"Back-Pumping" Of Agricultural And Urban Runoff Into Lake Not Subject to Clean Water Act Permit Requirements
The Clean Water Act (CWA) prohibits the discharge of any “pollutant” into the “navigable waters of the United States” without a permit. A “discharge of a pollutant” is defined as “any addition of any pollutant to navigable waters from any point source.” In other words, a pollutant cannot be added to navigable waters without a discharge permit. But, can regulated waters that are unaltered be transferred through a point source from one location to another location without a permit? That was the question in this case, and the EPA has historically said “no.” In addition, in 2004, the U.S. Supreme Court said in 2004 that no permit is necessary where different water bodies are “meaningfully connected.” In 2008, the Environmental Protection Agency (EPA) adopted a regulation that did not require a federal permit for transfers of “waters of the United States” to other “waters of the United States” where there has been no intervening industrial, municipal or commercial use. But, the exclusion does not apply to pollutants introduced by the water transfer activity itself to the water being transferred. That type of water transfer requires a permit.
This case involved “back pumping” by the South Florida Water Management District of polluted water from drainage canals into Lake Okeechobee in Florida. The trial court ruled that the Water District had repeatedly violated the CWA by pumping polluted flood water (runoff that contained nitrogen, phosphorous and ammonia) into Lake Okeechobee where it allegedly damaged wildlife habitat, killed fish and fouled drinking water.

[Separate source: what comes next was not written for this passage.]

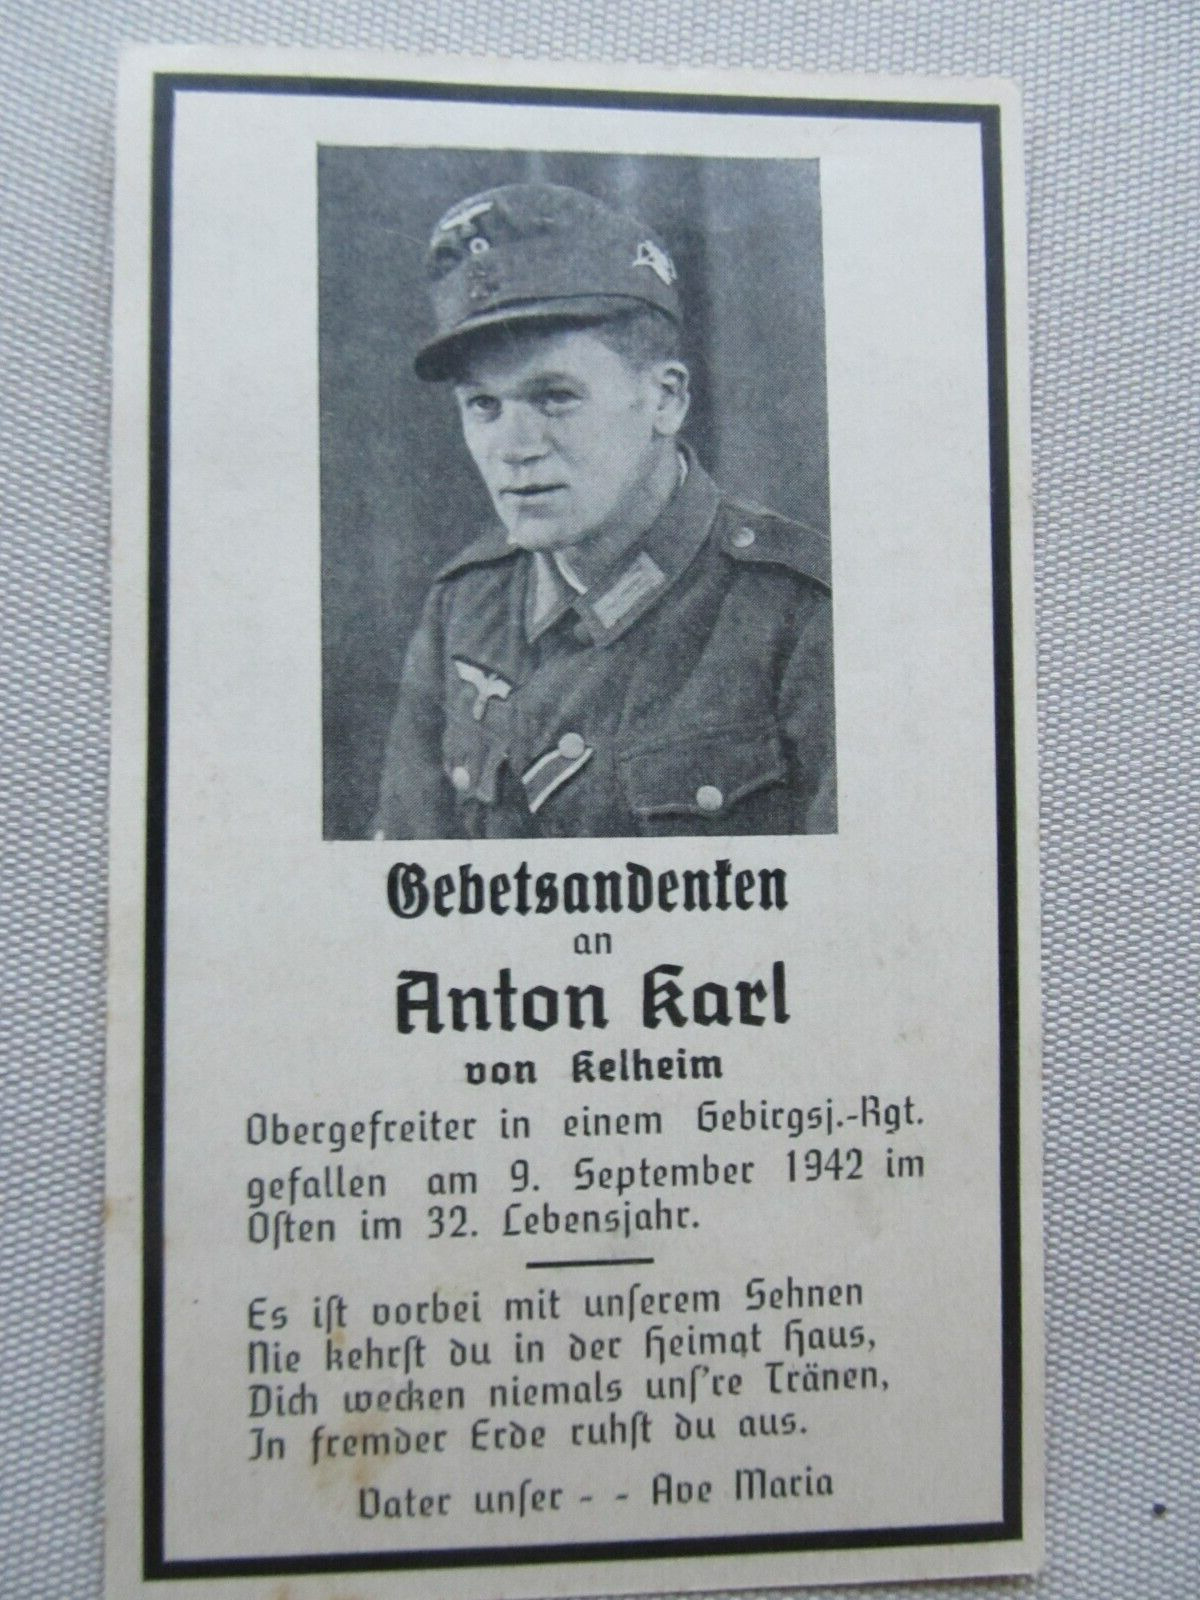 Rare WWII German Death Card, Mountain Uniform in Photo, NICE EIDELWEISS INSIGNIA

The trial court held that water transfers between distinct water bodies that result in the addition of a pollutant to the receiving navigable water body are subject to the CWA’s permit requirement.
But, the appellate court disagreed. The court said the statute clearly required the “addition” of a pollutant to navigable waters from a point source, and that the 2008 EPA regulation was not an arbitrary interpretation of the statute. So, no permit is needed for waters that are connected without an intervening industrial, municipal or commercial use. Friends of the Everglades, et al. v. South Florida Water Management District, et al., No. 07-13829 (11th Cir. Jun. 4, 2009).